Today I was getting dressed and picked up a pair of jeans that were hung over a chair. As I started putting them on, I realised they weren’t mine but I still continued. They fitted like a glove. There is only one other in my house, living in my bedroom, putting jeans where mine usually hang out….
I can NEVER find jeans that fit me. They are either 38 and too big or 36 and too small. I’m 37 and they are nowhere to be found, except, I have discovered, in Mike’s wardrobe!
Men’s size 34 is perfect for me.
Mike now has a problem. He has officially lost two pairs of jeans. Hey Grandchildren, Great grandchildren,, when you read this in the future… here I am in Granpa/Great granpa’s jeans!
I’m very happy with them! Mike doesn’t really mind. I never thought I’d ever fit into a 34 again! I just had to pick the right department!
Today has been a blended day of work and rest. I also jogged/walked to Fish Hoek and back.. I have done some research and it is recommended for my age, that I should exercise at a heart rate of not really more than 140. Today I tried to slow down so my heart rate didn’t go up to a horrific 182 which is where it’s been before. Usually, I find I get a bit of discomfort (sore heart muscle) when it hits 170. I don’t want to overdo it, so I read up to find out what it should be. I was horrified when I realised I had been running at my maximum or higher. Gasp! It took me a lot longer to cover the 8km but I was not exhausted when I got home. Comparison between Friday and today, although Friday was a treadmill run followed by weight machine exercises.
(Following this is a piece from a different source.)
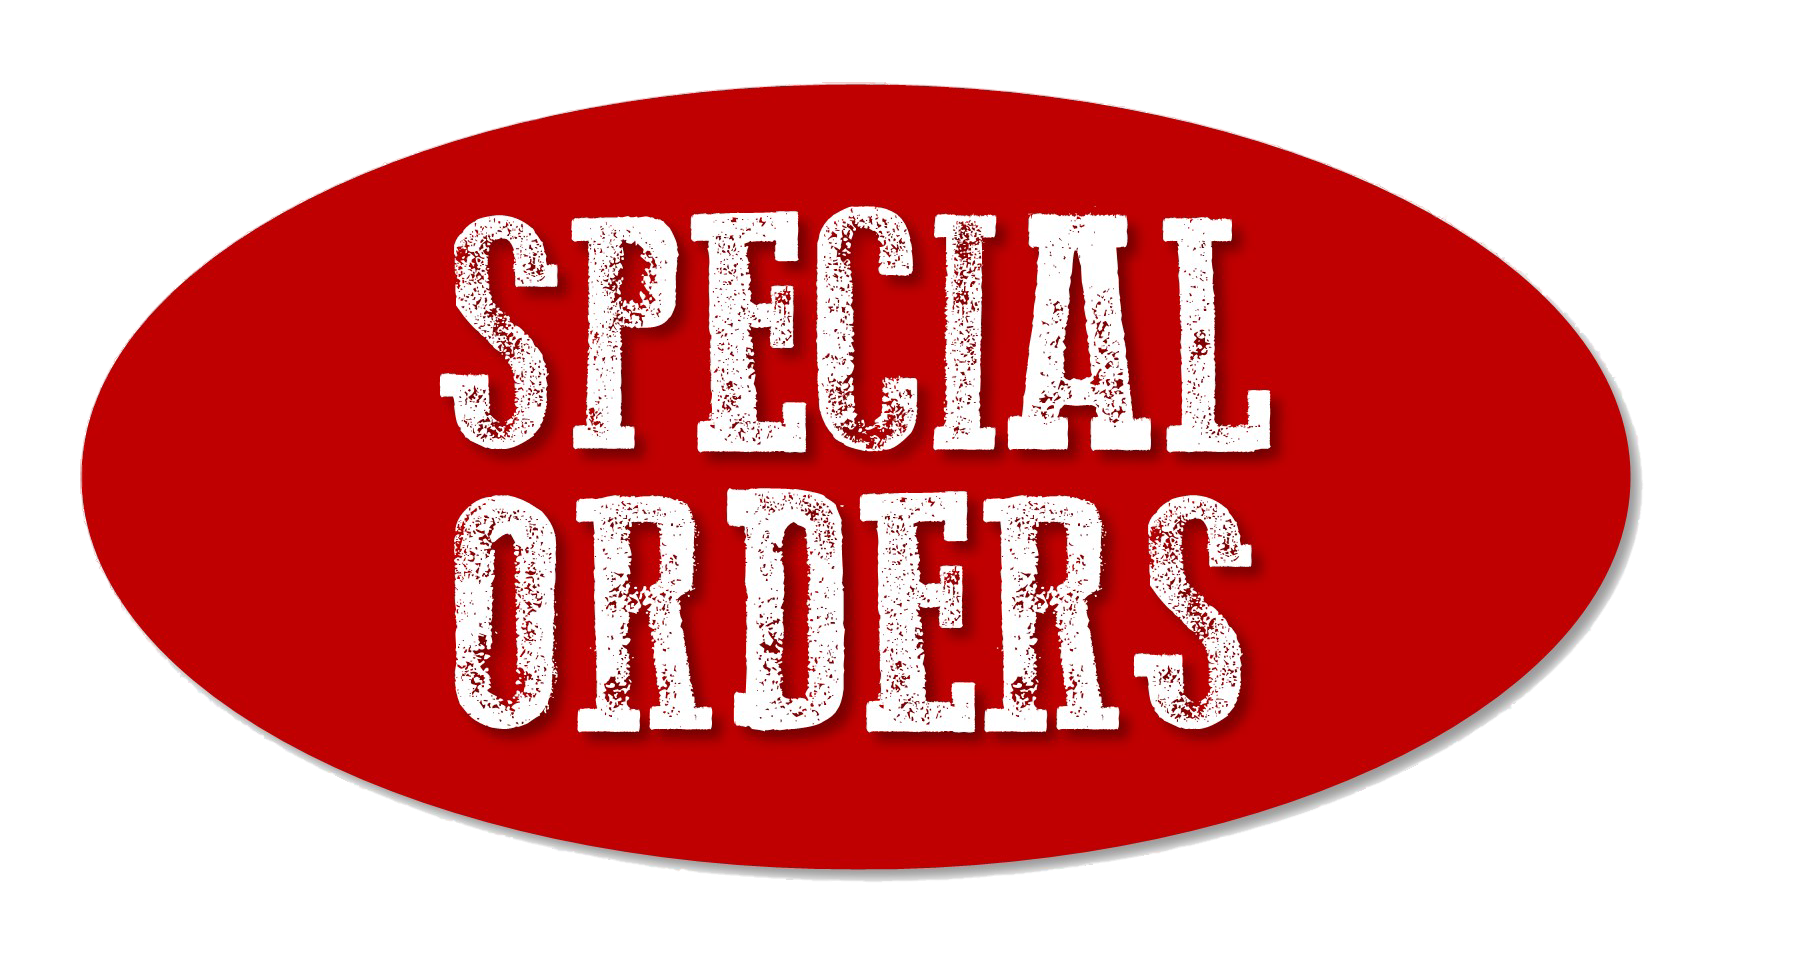 Special. Order картинка. Special order. Oroer. Special order logo.

Nugget from my journey: Moving to Paarl was a big step for Mike and I. It was very Afrikaans and I went to work at Paarl Hospital. This turned out to be a bit of nagmerrie. My Afrikaans was just not up to it. Blessed with a new Afrikaans surname didn’t help. I was given a tour of the hospital and introduced to everyone as “Sr van Niekerk sy-is-hoog-Engels”. It was like an extension of my name! I worked in casualty where that most amazing incident happened. (It’s at the bottom of the blog you can read here.) Perhaps that was the reason I spent two months working at Paarl Hospital. One month I worked and one month for my resignation month. The Lord intervened and opened a door for me to go and work at the Paarl Blood Transfusion. Here I worked with very bilingual colleagues who were happy to translate if required. When I was six months pregnant with Stacey, I was granted early maternity leave as they found someone to replace me and they were available immediately. I had actually arrived at the job pregnant which is pretty bad, so I was happy to oblige. From there, the Lord opened another door – this time I was to look after an old Jewish lady who had a brain tumour and not much time to live. I would go to her home three times a week and give her a bed bath. I had lots of opportunities to pray for her. Not out loud but just in her presence. She was Jewish and did not believe in Jesus. She could not speak but I would chat away. One day I mentioned the name of Jesus and she physically recoiled. It was the biggest reaction I had from her in the time I nursed her. She slowly deteriorated and one day I got the call to say she had passed away and could I please come so that I could preserve her dignity as the undertakers took her away. I got in my car and drove to the wine farm on which she lived. Her family were all there. I was taken into her room and I washed her, covered her and ensured that she was handled gently as she was taken out. It was the strangest thing. I was standing in the lounge waiting for the family to say their goodbyes. The undertaker had arrived and we were standing around when the son asked if we would like some wine. I declined, but the undertaker accepted the offer. As I say, it was the strangest thing!
In the course of my nursing, naturally, I encountered many people who died. It may seem a bit macabre for me to write about it, but when you are in the medical profession and dealing with sick people, it is part of the job. It is one of the hardest things to see life ebb away. To realise organs are shutting down until eventually the heart rate and breathing slows. The end is not far. He’s gone. She’s gone. Yet, like a ship disappearing from view across a vast ocean, there are people on the other side rejoicing. Here she comes. Here he comes. Believing in Jesus makes me know for sure that this is not all there is. When we breathe our last, there’s a lot more ahead….far better than the life we experience on earth – heaven awaits!
In peace I will lie down and sleep, for You alone, O Lord, will keep me safe.
These are the days.
Keep the smile going.
God bless you.
In His Grip,
Helga xx 🙂
Yesterday I did not swim. I did get to about 7500 steps. Today with the 8km walk/jog and a walk to and from the Mall , I’ve done more than 17000 steps.